- Original cinema poster
- Directed by: Ian Sharp
- Screenplay by: Malcolm Stone
- Based on: Mrs Caldicot's Cabbage War
- Produced by: Andy Birmingham
- Starring: Pauline Collins John Alderton Peter Capaldi
- Cinematography: Sue Gibson
- Edited by: Gerry Hambling
- Music by: Alan Lisk
- Production company: Evolution Films Ltd
- Distributed by: Arrow Film Distributors
- Release dates: 5 June 2002 (IFE); 25 June 2002 (MIFF); 31 January 2003 (UK & IRL);
- Running time: 107 minutes
- Country: United Kingdom
- Language: English

= Mrs Caldicot's Cabbage War =

2002 British comedy-drama film

Mrs Caldicot's Cabbage War is a 2002 British comedy-drama film, directed by Ian Sharp and starring Pauline Collins, John Alderton and Peter Capaldi. It is based on a 1993 novel with the same name by author and conspiracy theorist Vernon Coleman.

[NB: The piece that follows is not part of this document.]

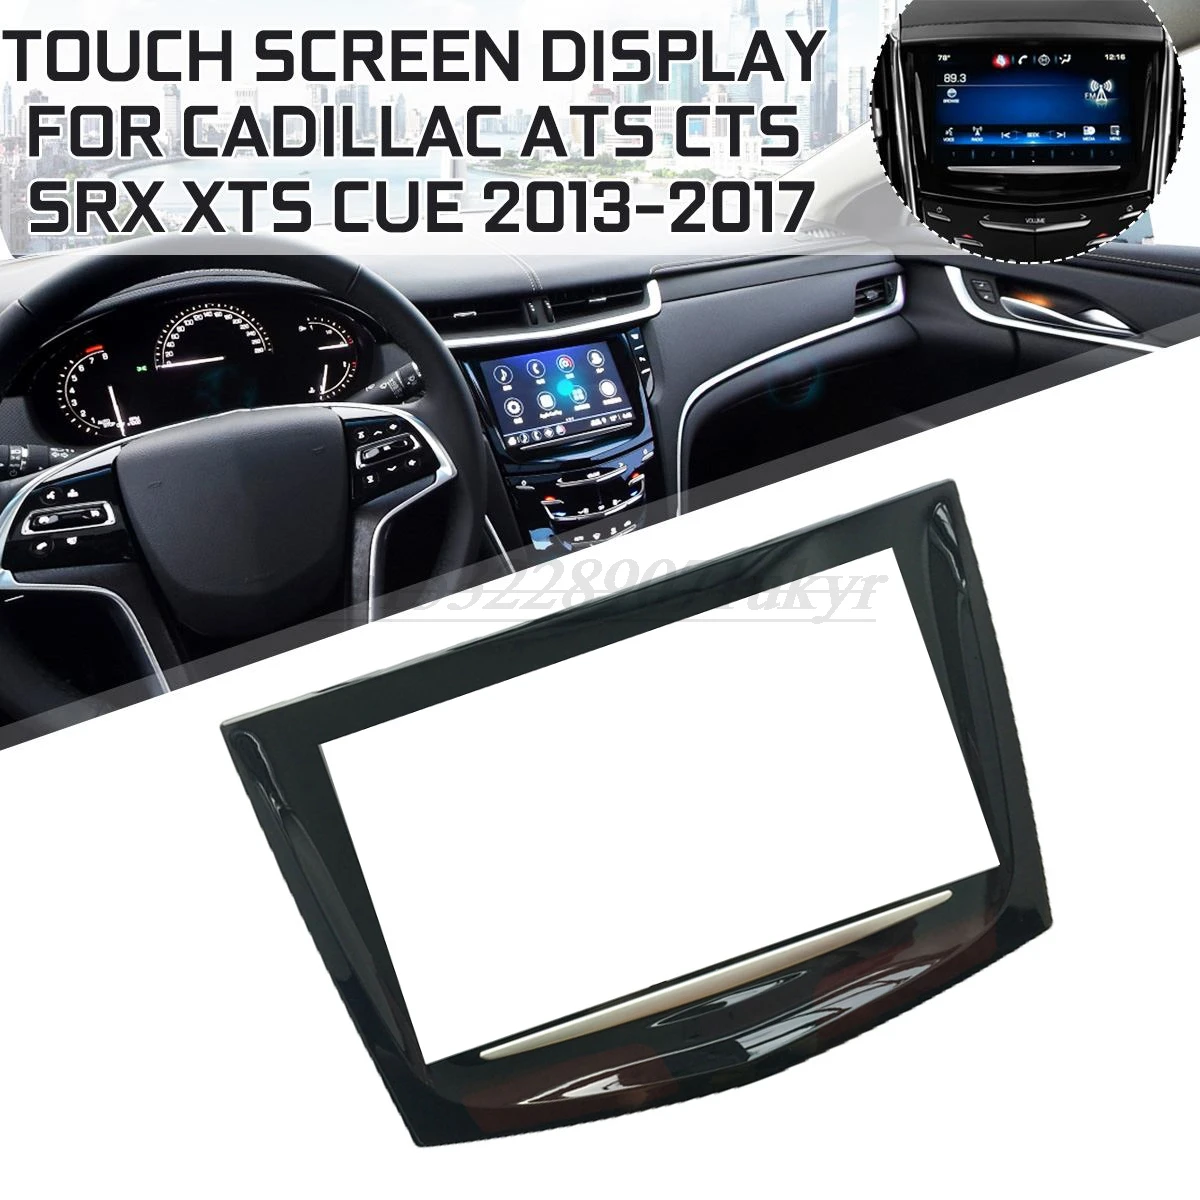 New CUE Touch Screen for Cadillac 2013 2014 2015 2016 2017 Cadillac Escalade XTS ATS CTS SRX CUE TouchSense Replacement 
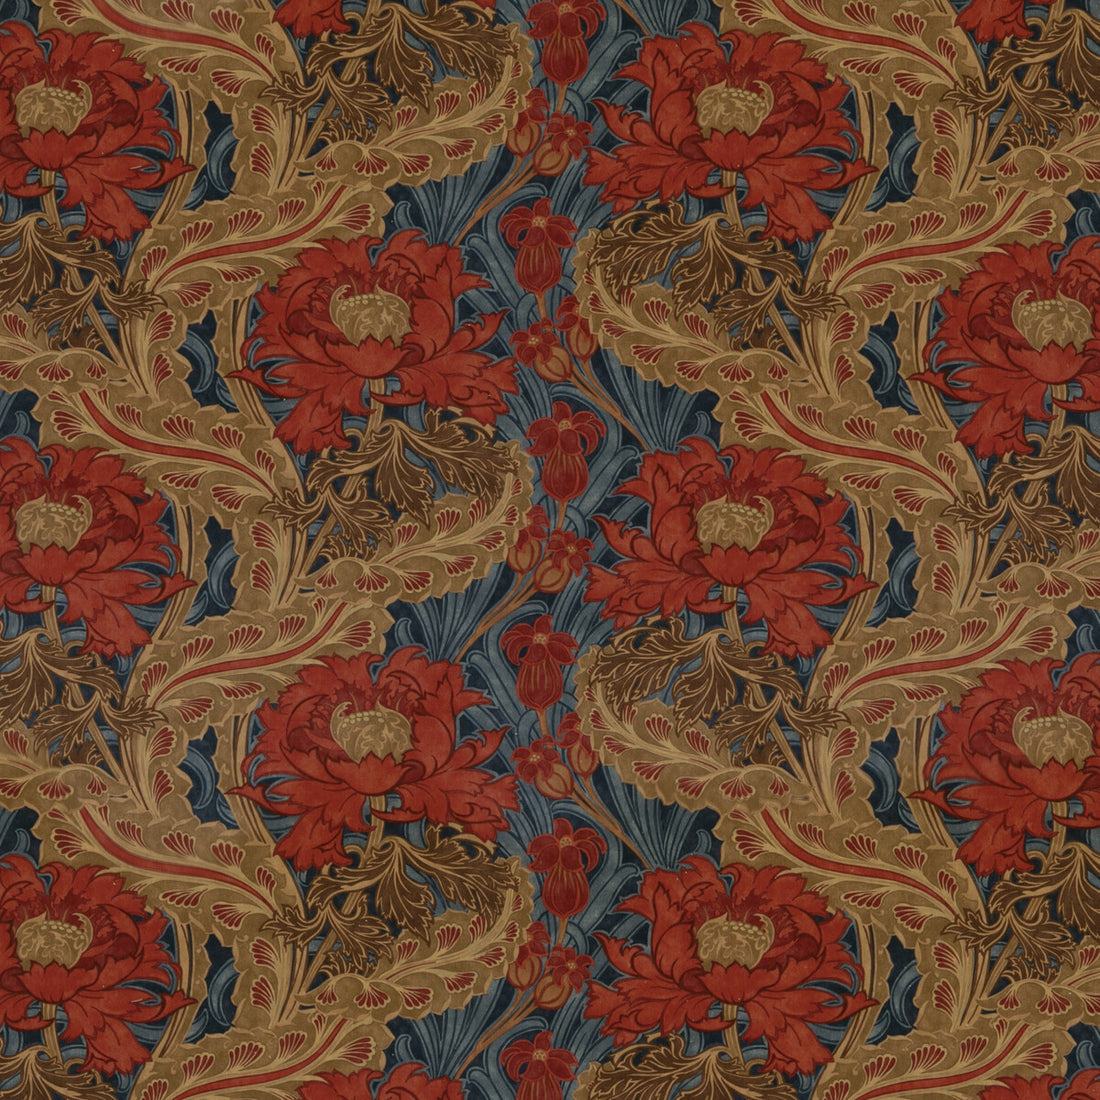 Brantwood Velvet fabric in red/blue color - pattern BP10970.2.0 - by G P &amp; J Baker in the Original Brantwood Fabric collection

It is the story about a woman, Thelma Caldicot, who is coerced by her manipulative son Derek and daughter-in-law to move into a run-down nursing home, owned by Derek's employer, after the death of her bullying husband. Derek also gets her to sign over her house to him. However, she doesn't like it at the nursing home and shows her frustration. After having been medicated by the staff to stay calm, she finally incites her fellow inmates to revolt.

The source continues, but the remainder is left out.